Бургомистр отсчитал монеты — три стювера, целое состояние для семилетнего мальчика, — и, протягивая их, добавил:
— Когда вырастешь, приходи. У меня для тебя всегда найдётся работа. А пока иди. И никому не позволяй говорить, что ты не умеешь. Ты умеешь то, чего не умеют взрослые. Я знаю, что говорю. У меня было три собаки до этой, и ни одного хорошего портрета.
Ян взял деньги, поклонился и вышел. Отец ждал его у дверей, и когда мальчик показал ему монеты, он не поверил. А когда бургомистр — сам, лично — вышел в коридор и бросил на ходу: «Мастер Ливенс, ваш сын — чудо», — отец чуть не сел на пол. Так закончился первый в жизни Яна заказ. И, может быть, самый честный.
А потом была ещё одна зима, и ещё одно лето, и много рисунков, которые мать, вздыхая, собирала и прятала в сундук, — и вот однажды отец отложил пяльцы, подозвал Яна и произнёс:
— Я договорился с Йорисом ван Схутеном. Он возьмёт тебя в ученики.
Ян посмотрел на отца — и впервые увидел в его глазах не только гордость, но и тревогу. Такую же, как у матери, только глубже спрятанную.

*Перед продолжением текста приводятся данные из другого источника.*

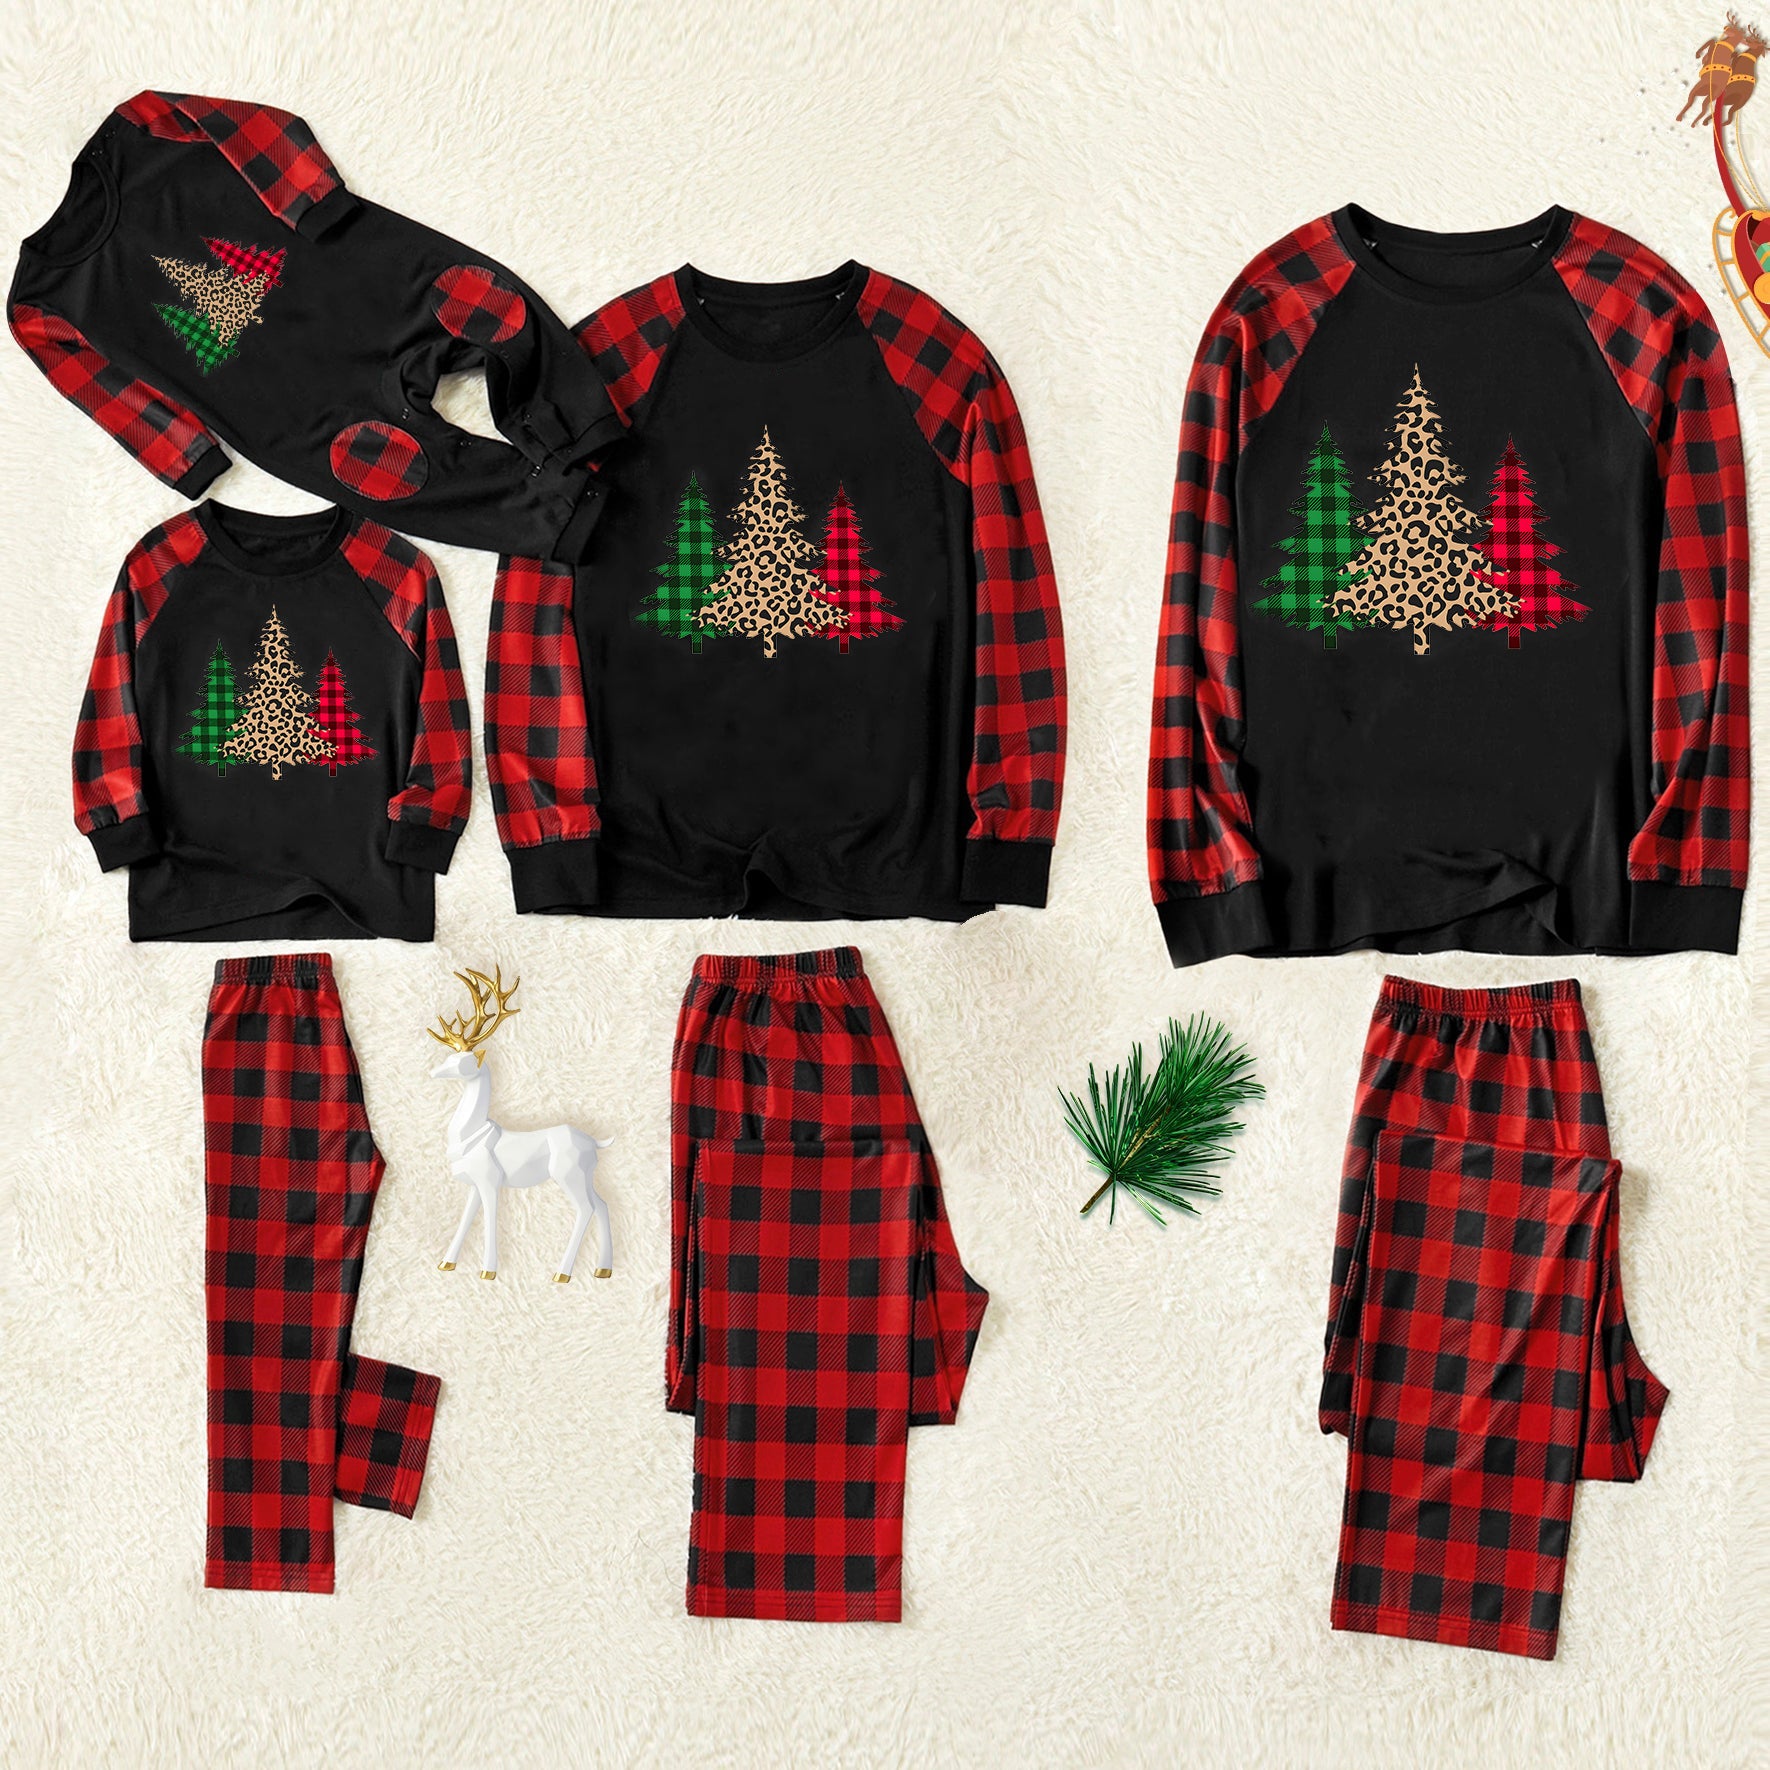 Family Christmas Shirts Buffalo Plaid Christmas Tree Patterned Contrast Black top and Black & Red Plaid Pants Family Matching Pajamas Set

Как будто отец только сейчас понял, что сын уходит — не завтра, так послезавтра, не в Амстердам, так ещё дальше. Ян хотел сказать: «Я вернусь», — но не сказал. Ему было восемь лет. Завтра он должен был впервые переступить порог мастерской ван Схутена.
Глава 2. Мать
Она знала, что он не такой, как все, задолго до того, как он нарисовал кошку.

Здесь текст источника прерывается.